Which method of the three: histogram, box plot and probability plot is best at determining whether a distribution is approximately normally distributed? Why?
Histogram, box plot and probability plot - which is better for assessing normality?
10.9k Views Asked by Bumbble Comm https://math.techqa.club/user/bumbble-comm/detail AtThere are 2 best solutions below
On
Generally the boxplot is by far the least informative; it gives only a few pieces of information about the whole sample.
This leads to dangers of them being quite misleading about what you have.
Compare these four histograms and the corresponding boxplots:

(how to create these samples is given here: Box-and-whisker plot for multimodal distribution)
As we see there, very different-looking histograms (which in this case are mostly showing you what's going on, though they do obscure some particular features) correspond to identical boxplots.
The histogram can be more informative but typical default settings use far too few bins.
Histograms have their own dangers, but they're rarer.
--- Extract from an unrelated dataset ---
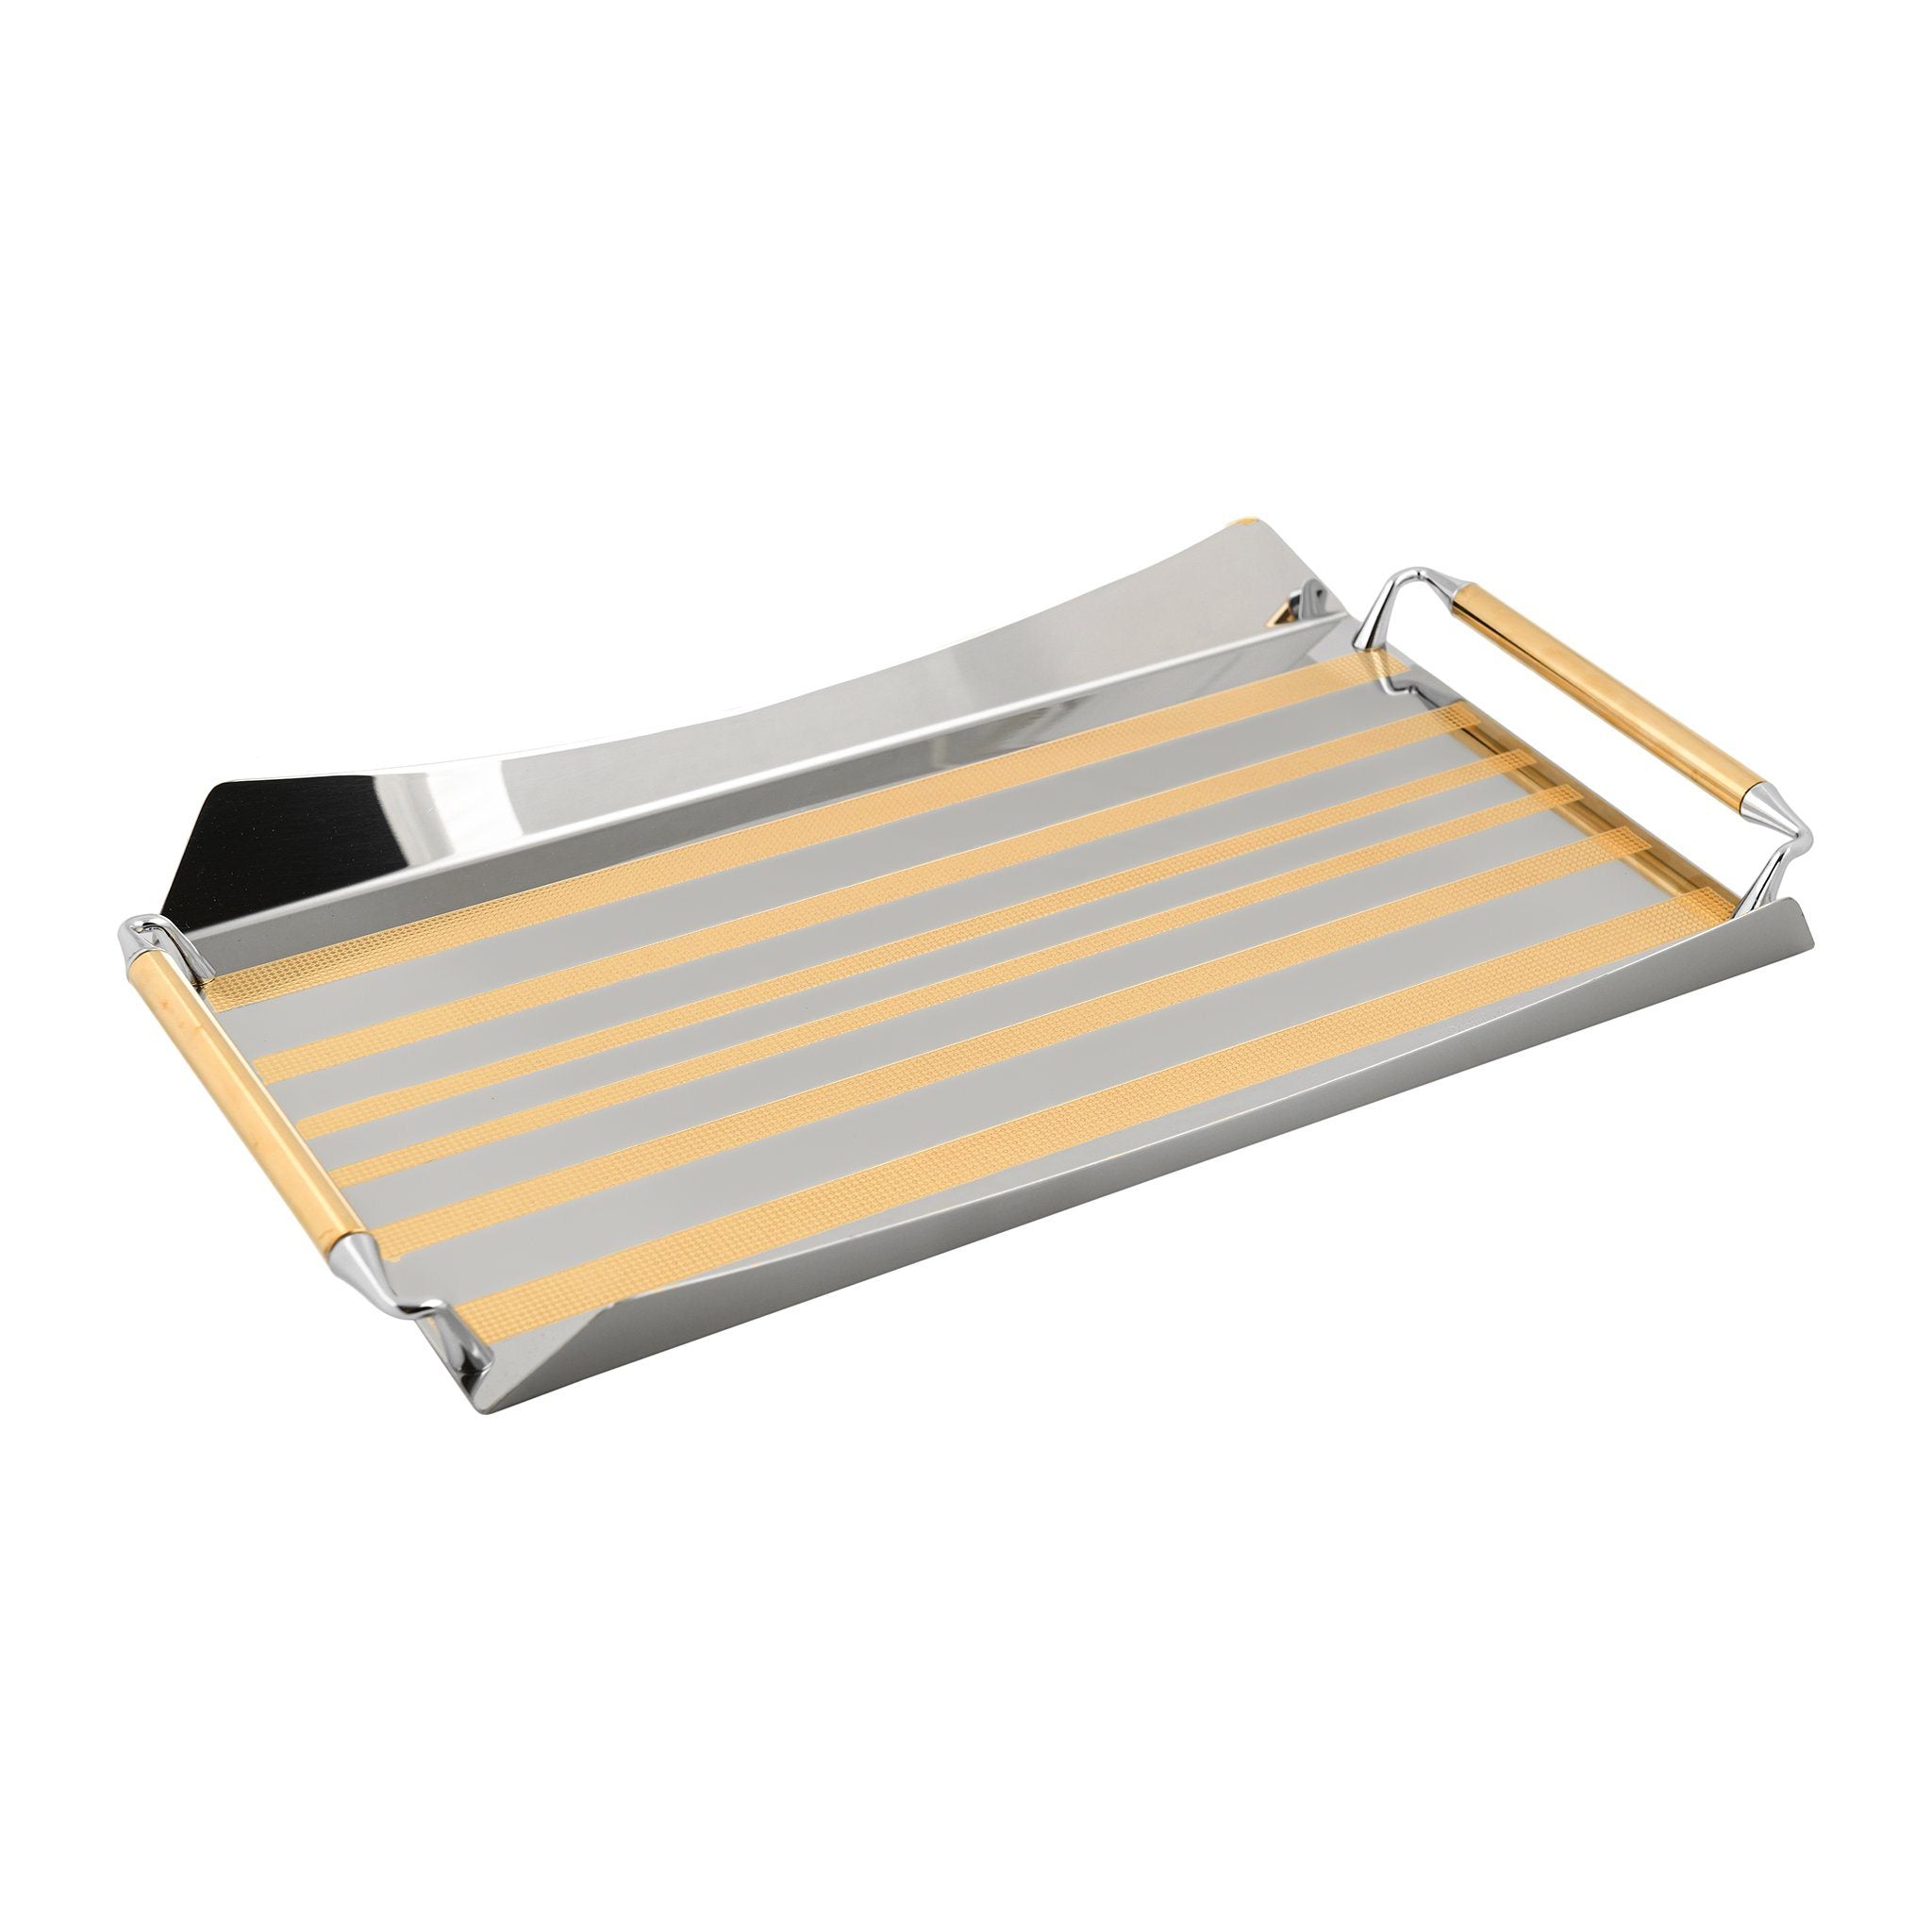 Elegant Gioiel - Rectangular Tray with Handles - Gold - Stainless Steel 18/10 - 45x30cm - 75000256

These two histograms are of the same data:

The data for this example is given at: Assessing approximate distribution of data based on a histogram
Probability plots / quantile-quantile plots are usually the most informative - they show "all the data" - but are harder to learn to read.
There's some guidance on reading them here How to interpret a Q-Q plot
Normal probability plots: The main purpose of a normal probability plot (normal Q-Q plot) is to assess normality. Here are plots, each of $n = 500$ observations, from uniform, normal, and Laplace (double-exponential) families, respectively. Only the normal sample shows points along a reasonably straight line in its normal probability plot. Of the three kinds of graphs a normal probability plot is most directly relevant to assessing normality.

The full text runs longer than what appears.